_Work order_:
Whenever an image turns up, omit it and return the remaining data exactly.

_Data excerpt_:
....................

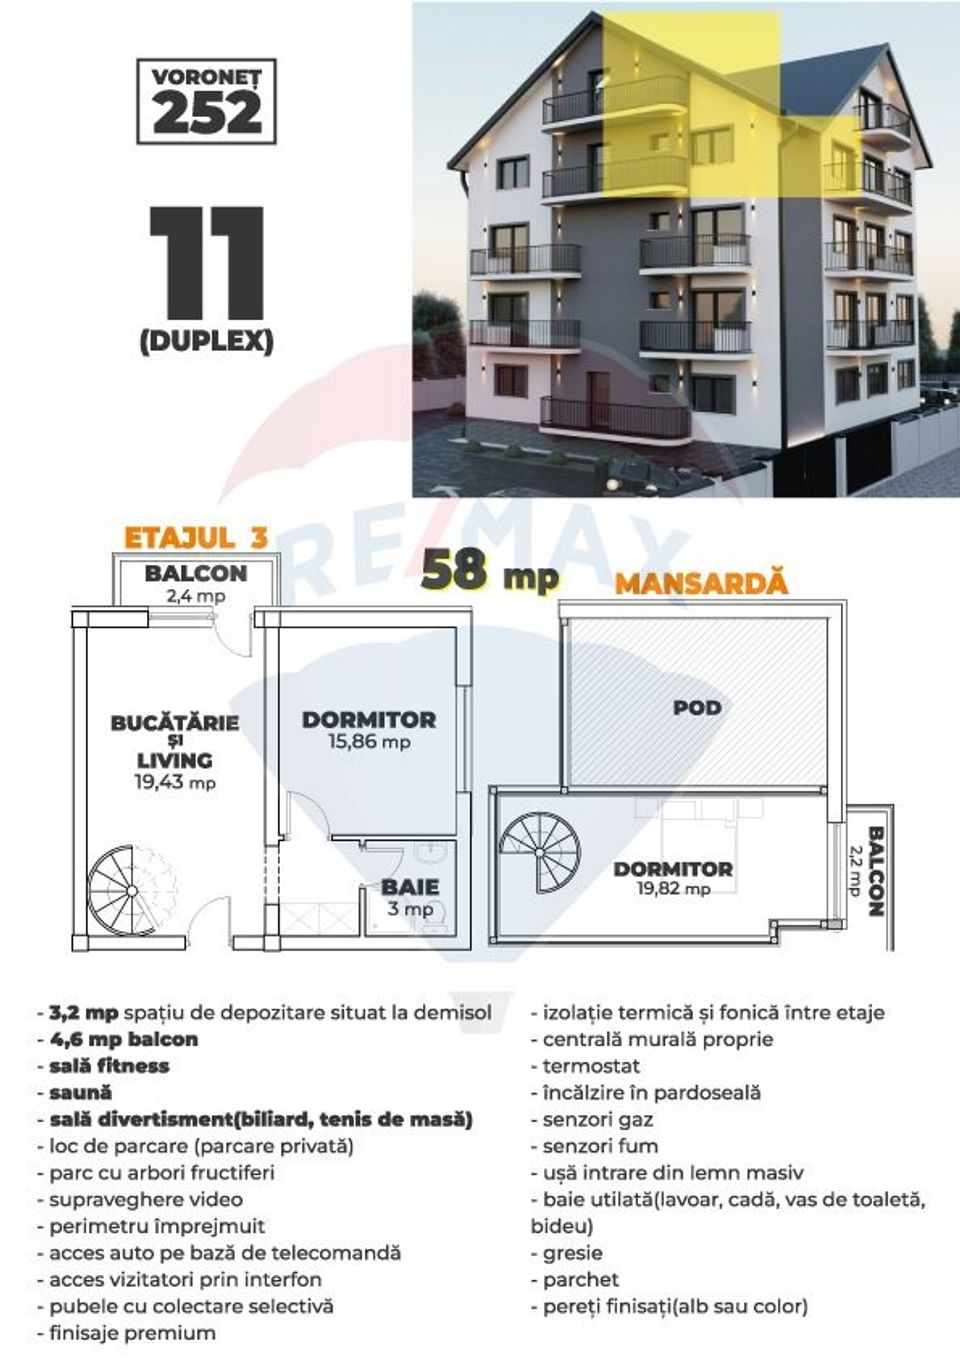 Apartamente LUX de vânzare Voronet 252 - Gura Humorului - Bucovina
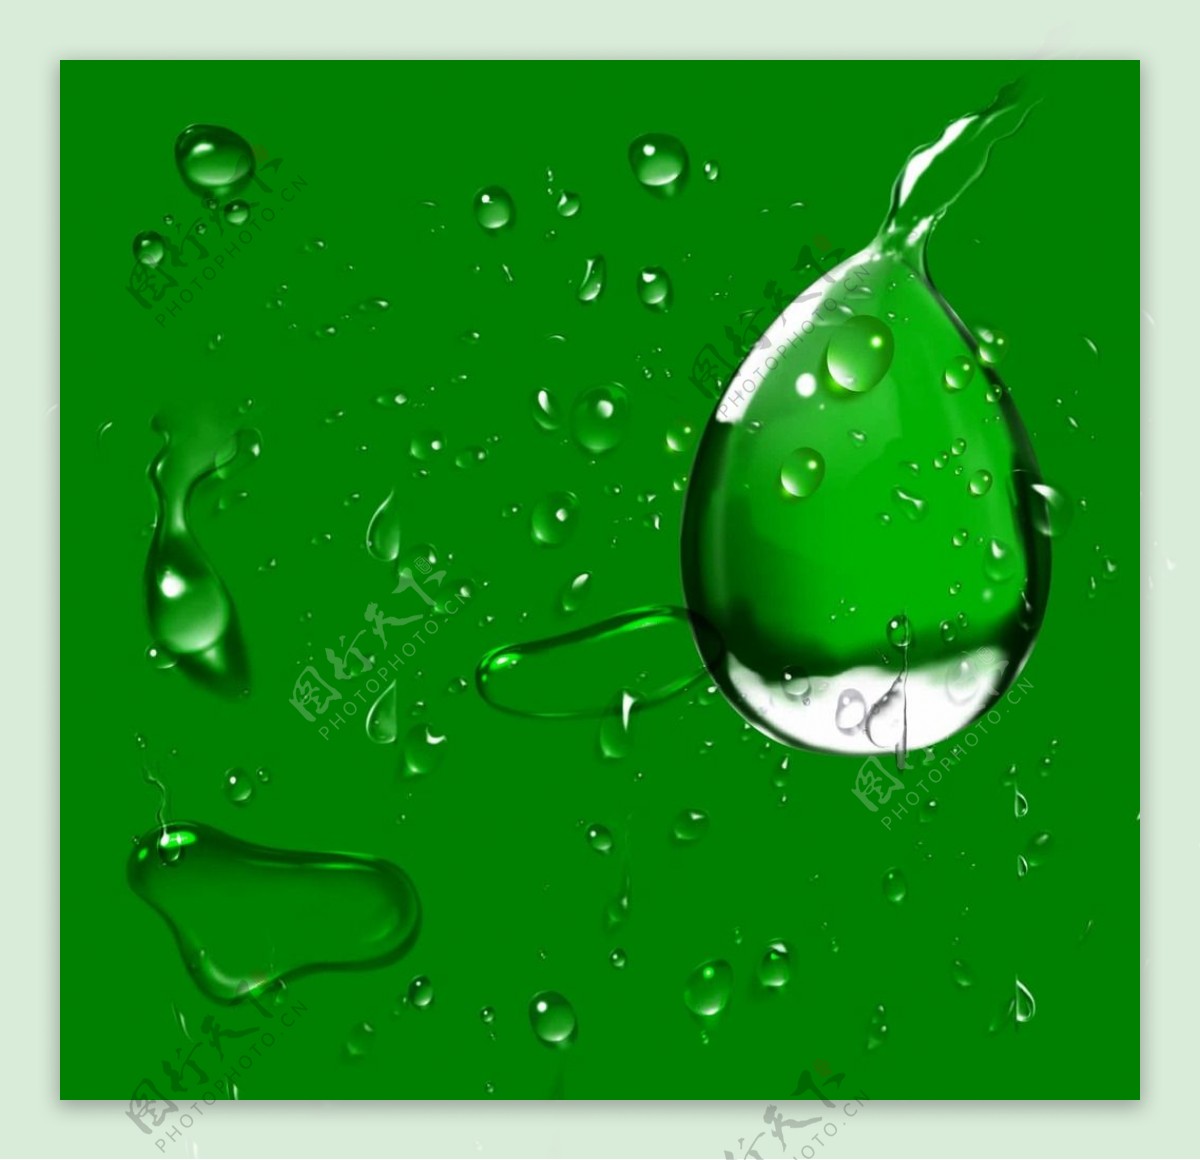 绿叶-水滴(小清新静态壁纸) - 静态壁纸下载 - 元气壁纸
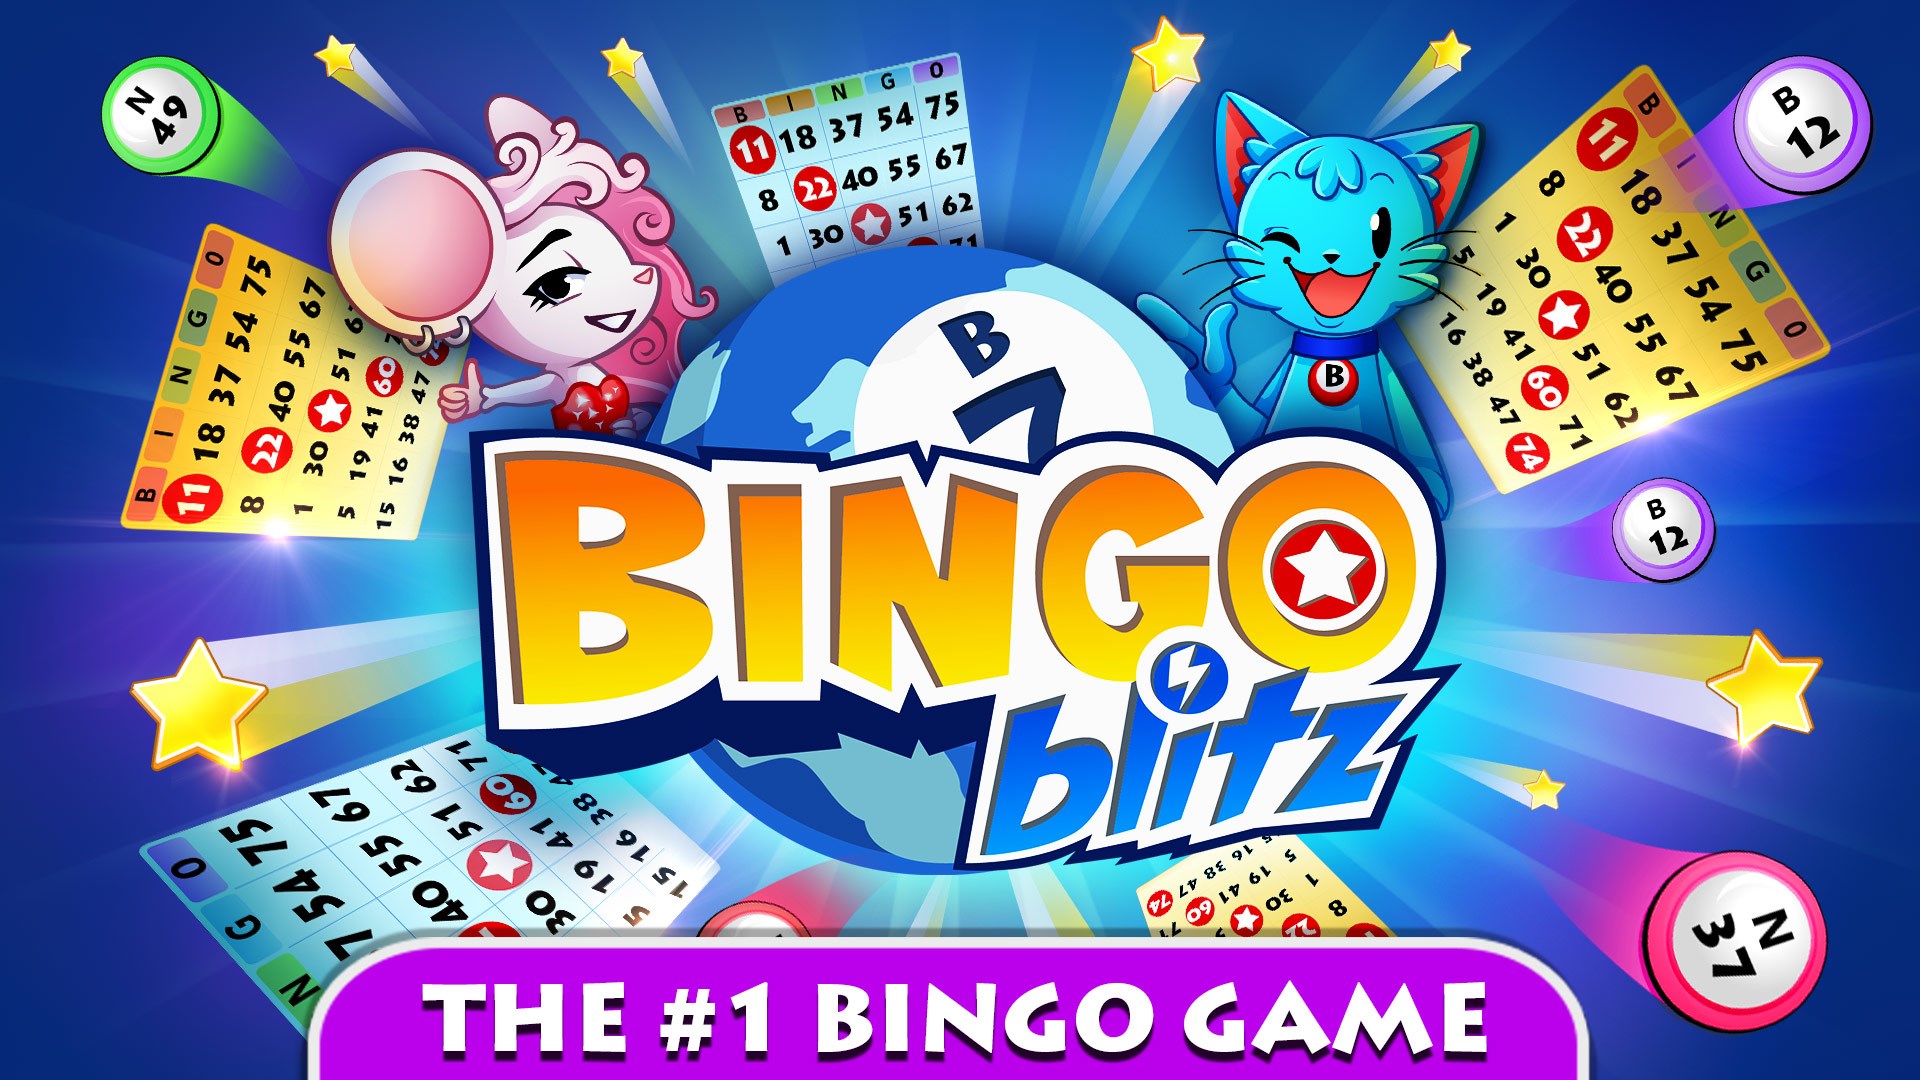 Open Bingo Blitz

....................

_Solution_:
 Apartamente LUX de vânzare Voronet 252 - Gura Humorului - Bucovina
 绿叶-水滴(小清新静态壁纸) - 静态壁纸下载 - 元气壁纸
 Open Bingo Blitz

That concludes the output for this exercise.